Recovery of Dues, Excercise of Lien & Delivery of Security

  • The Company will not, as a matter of fair dealing, normally recall the loan before the initially agreed tenure except in unanticipated or abnormal circumstances where the Company interests are adversely affected e.g. when the security value diminishes substantially, when the quality of security is not found to be acceptable, due to any regulatory government directives etc. In all such cases proper and reasonable notice shall be given to the members-shareholders recalling the loan before expiry of the normal tenure.
  • The Company will make all possible soft or persuasive efforts to get the members-shareholders to repay the dues without resorting to disposal of the security. The Company does not accept nor will it encourage the use any coercive or hard measures to recover its dues from the members-shareholders.

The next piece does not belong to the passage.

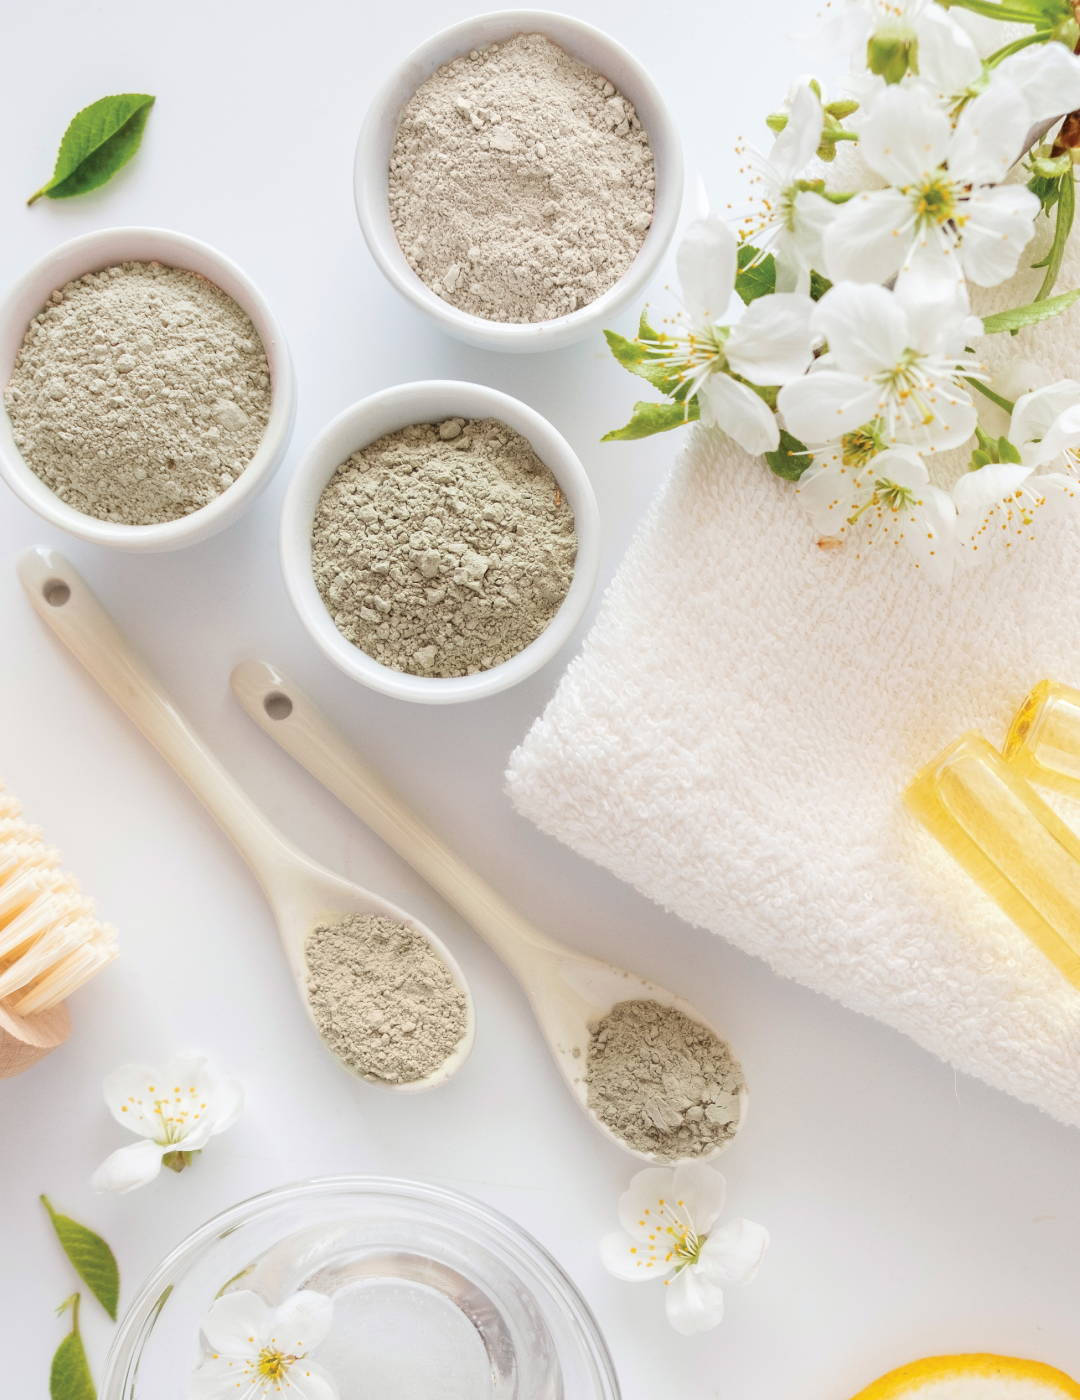 Bentonite Clay For Beauty: Benefits, Uses, And Precautions Of This Skincare  Ingredient

  • The Company will deliver the security to the members-shareholders immediately upon settlement of the loan in the same condition as was at the time of sanction of the loan. If the security has signs of damage thereon, before being taken custody of by the Company at the time of sanction of loan, the fact will be briefly incorporated in the sanction letter.

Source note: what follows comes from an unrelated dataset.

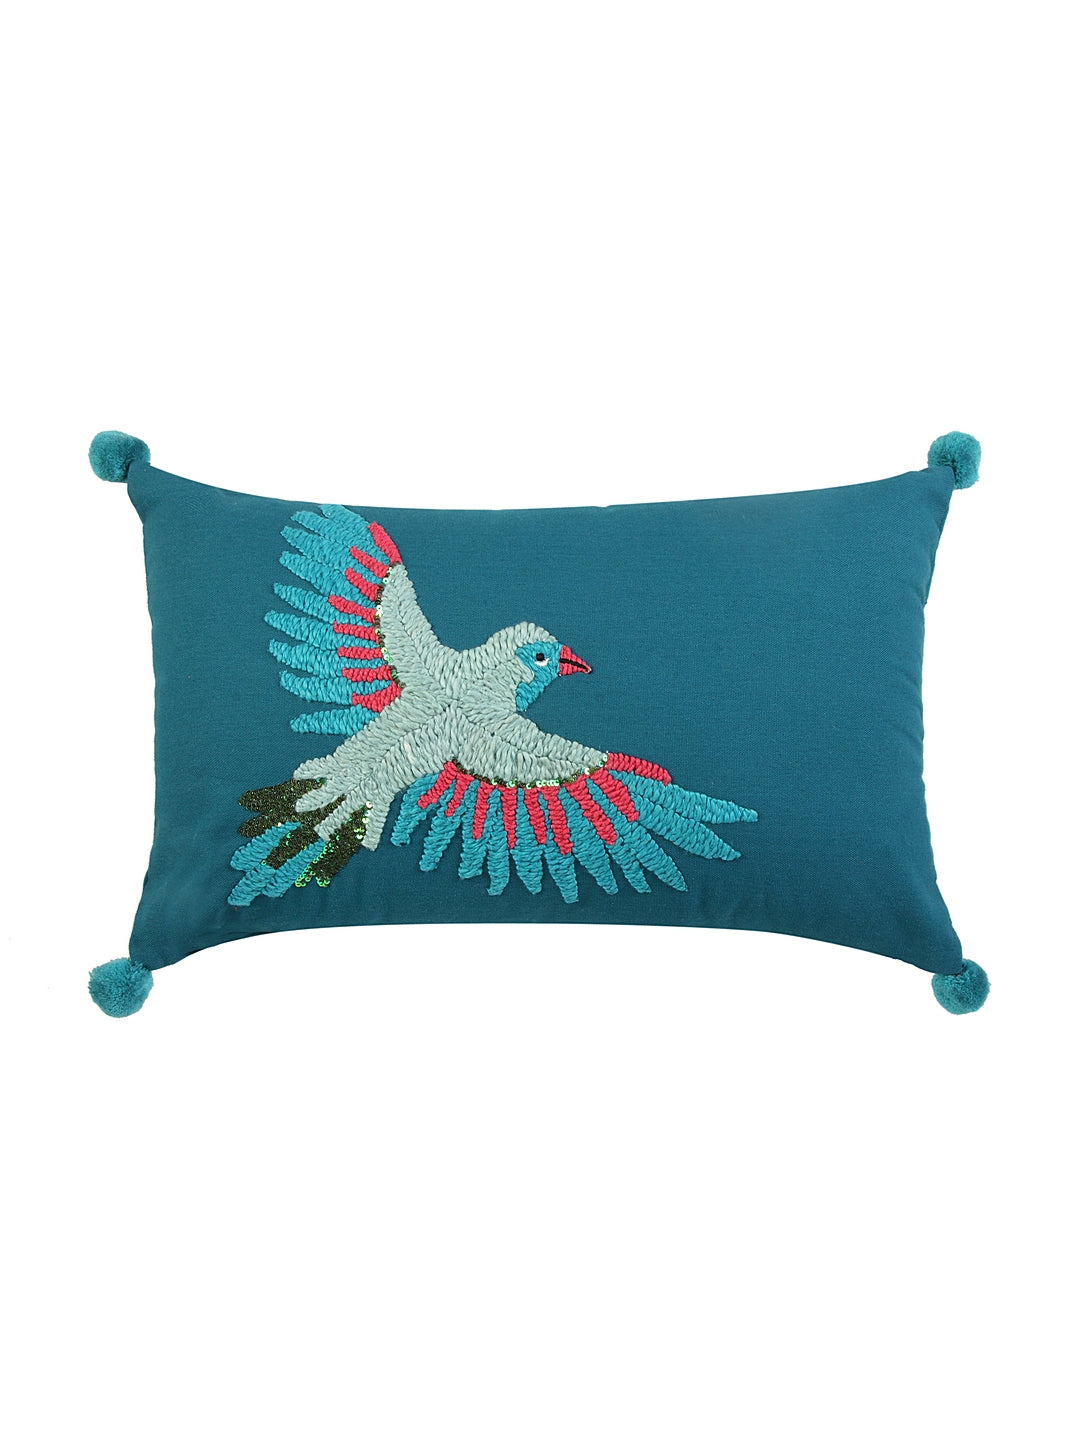 Royal Crest Cushion Cover with Filler 30x50cm

  • The Company shall issue a signed and, normally, a system generated receipt for all cash payments made by the members-shareholders immediately. The Company shall also accept payments vide cheques, demand drafts, etc. subject to the condition that the said account will be closed only after confirmation of realization.

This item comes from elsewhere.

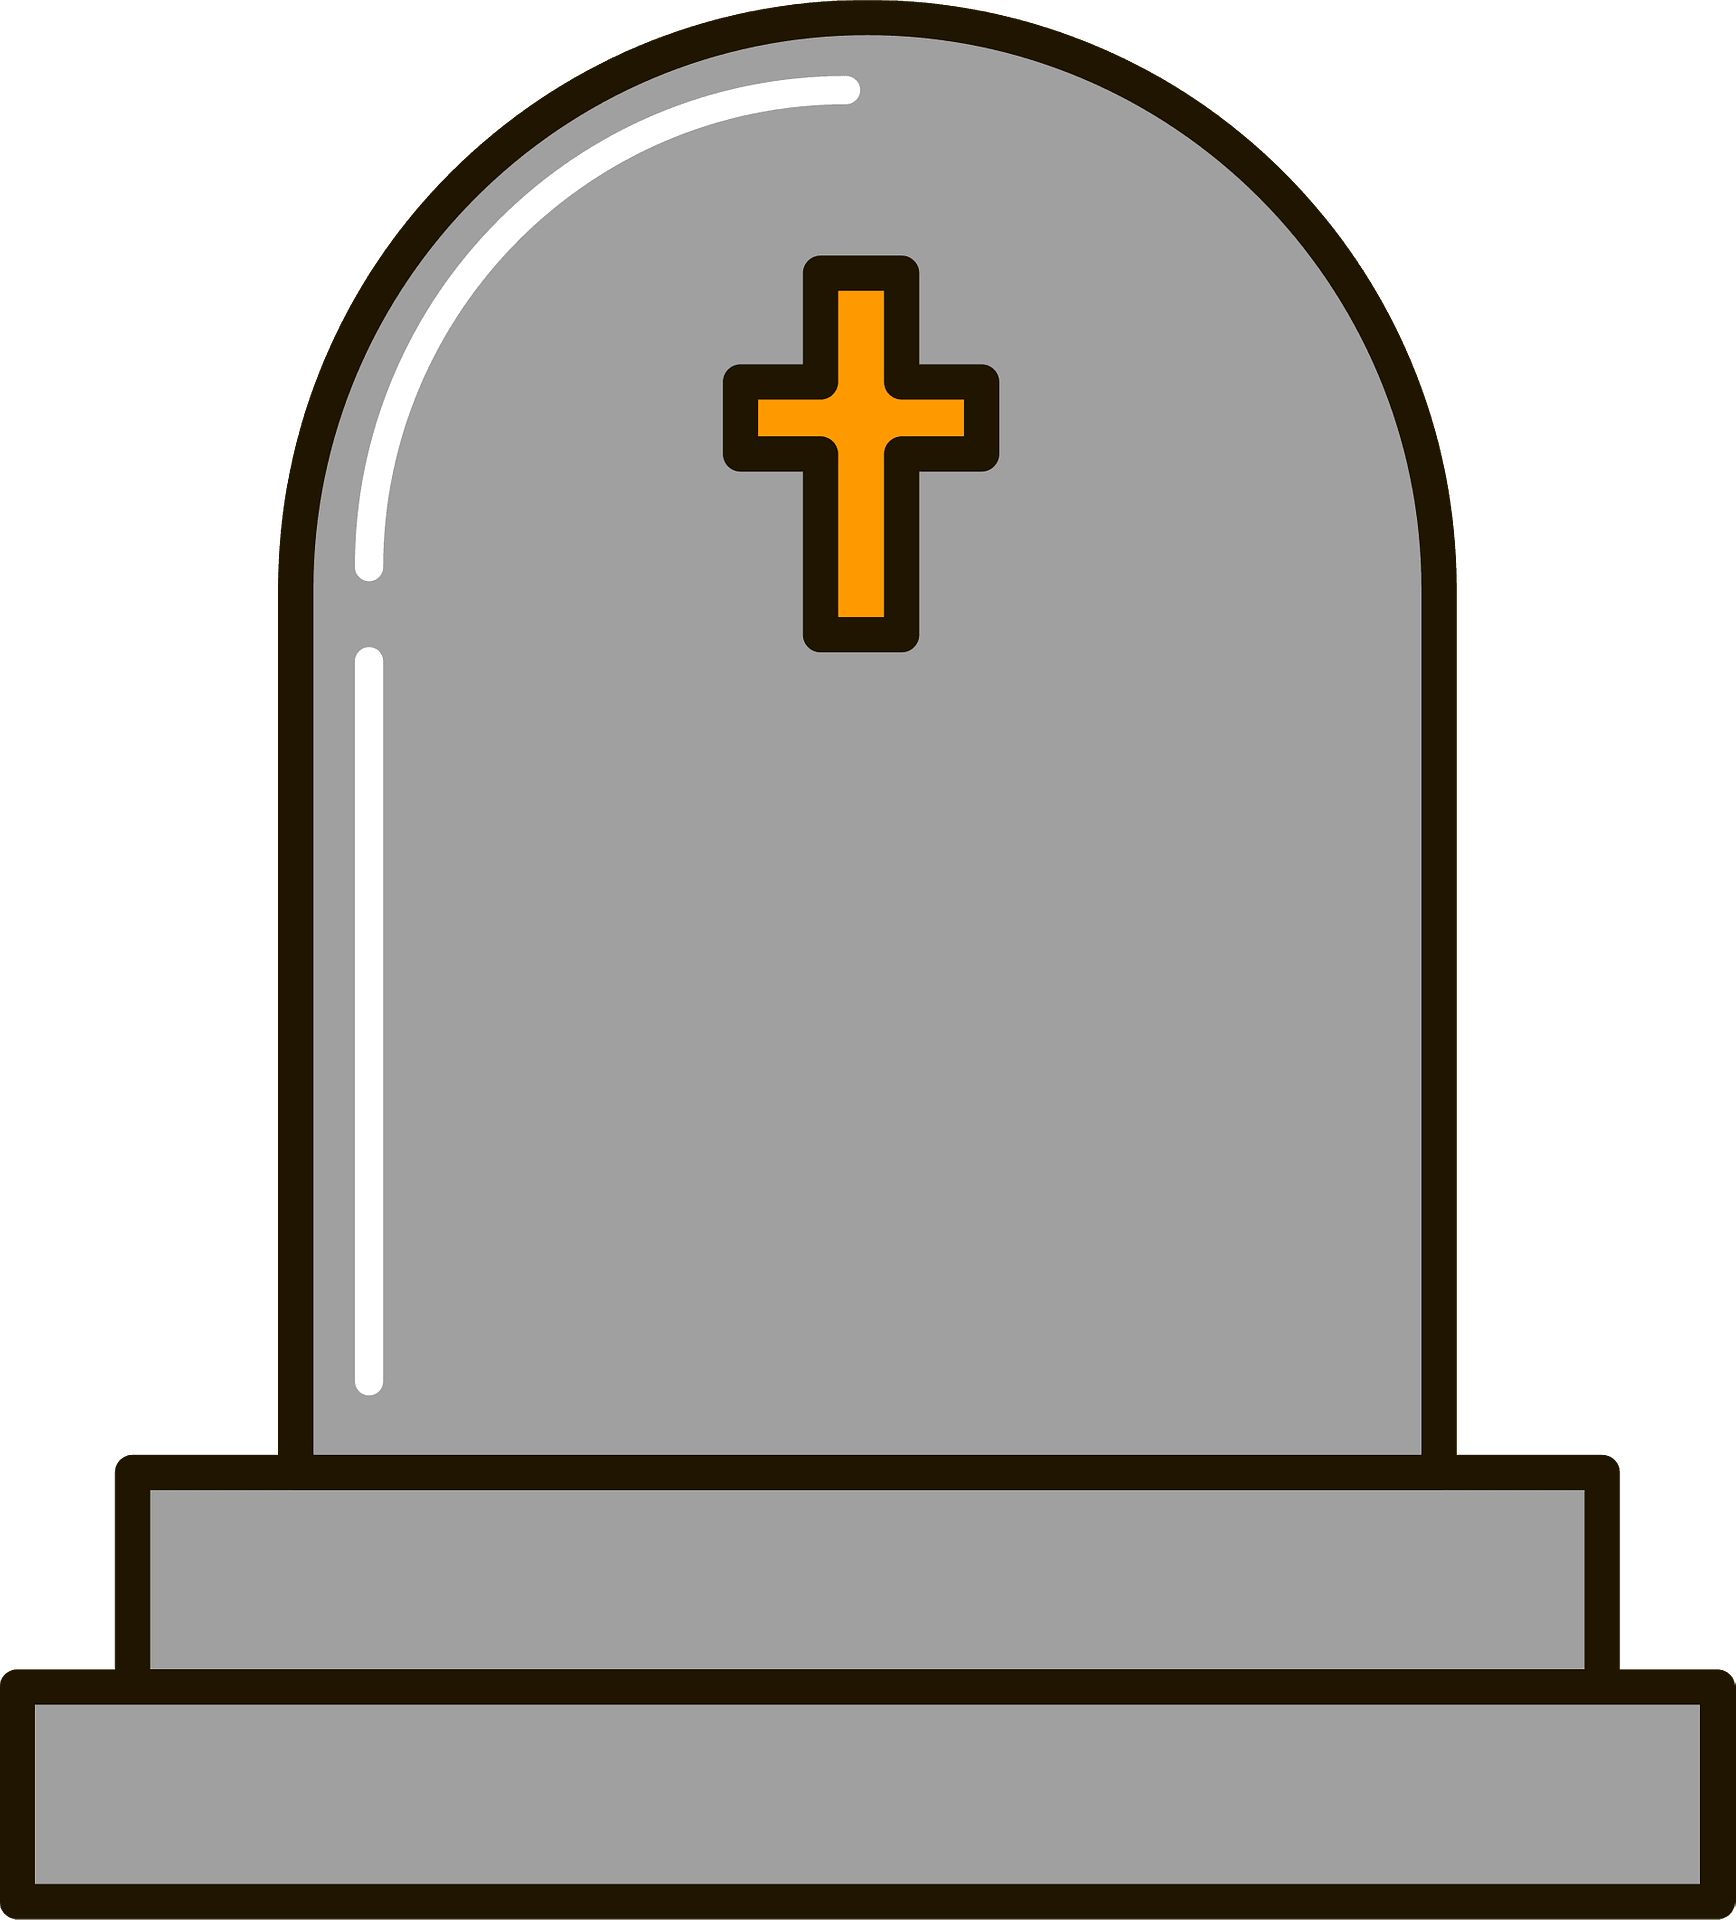 Free Rip Tombstone Clipart, Download Free Rip Tombstone Clipart - Clip ...

  • The Company will resort to auction the security only as a last resort and that too after adequate and proper notice is served on the members-shareholders to repay the dues and also after direct contact Such notice will be as per the terms contained in the sanction letter and also in compliance with applicable laws and regulatory guidelines. The disposal of the security will be taken up through public auction when the members-shareholders does not positively respond to the communications sent by the Company to close the loan account along with interest and other charges like notice fees.
  • Where the Company proposes to dispose of the security even before the normal tenure of the loan based on the rights conferred on the Company vide loan application and loan sanction letter adequate and proper notice will be served on the members-shareholders before such action is initiated for recovery of dues.
  • The Company prefers and encourages members-shareholderss to take back delivery of the security immediately upon full settlement of all dues. However, should there be exceptional instance of the members-shareholders being unable to take delivery of the security, not attributable to the inability of the Company, after closure of the loan account reasonable safe custody charges may be payable which will be duly advised to the members-shareholders.
  • The Company will not interfere in the affairs of the members-shareholders except for the purposes mentioned in the terms & conditions of the loan or when constrained to do so due to inadequate or false disclosures made by the borrower at the time of putting through the transactions.

Customer Service & Grievance Redressal

  • The Company will implement all possible steps to prevent and minimize members-shareholders complaints/grievances.
  • The Company will facilitate the members-shareholders to pay the whole or part of the dues at any of the branches of the Company subject to the condition that delivery of the pledged security shall be made only at the branch where loan was originally disbursed.
  • The Company will put in place an effective members-shareholders Grievance Redressal mechanism detail of which will be displayed on the website.
  • The Company will put in place an effective training system to ensure that employees of the Company are members-shareholders friendly and do not resort to rude, inappropriate or unethical behavior.
  • The Company will endeavor to work out and display the time norms for putting through and completing the various transactions.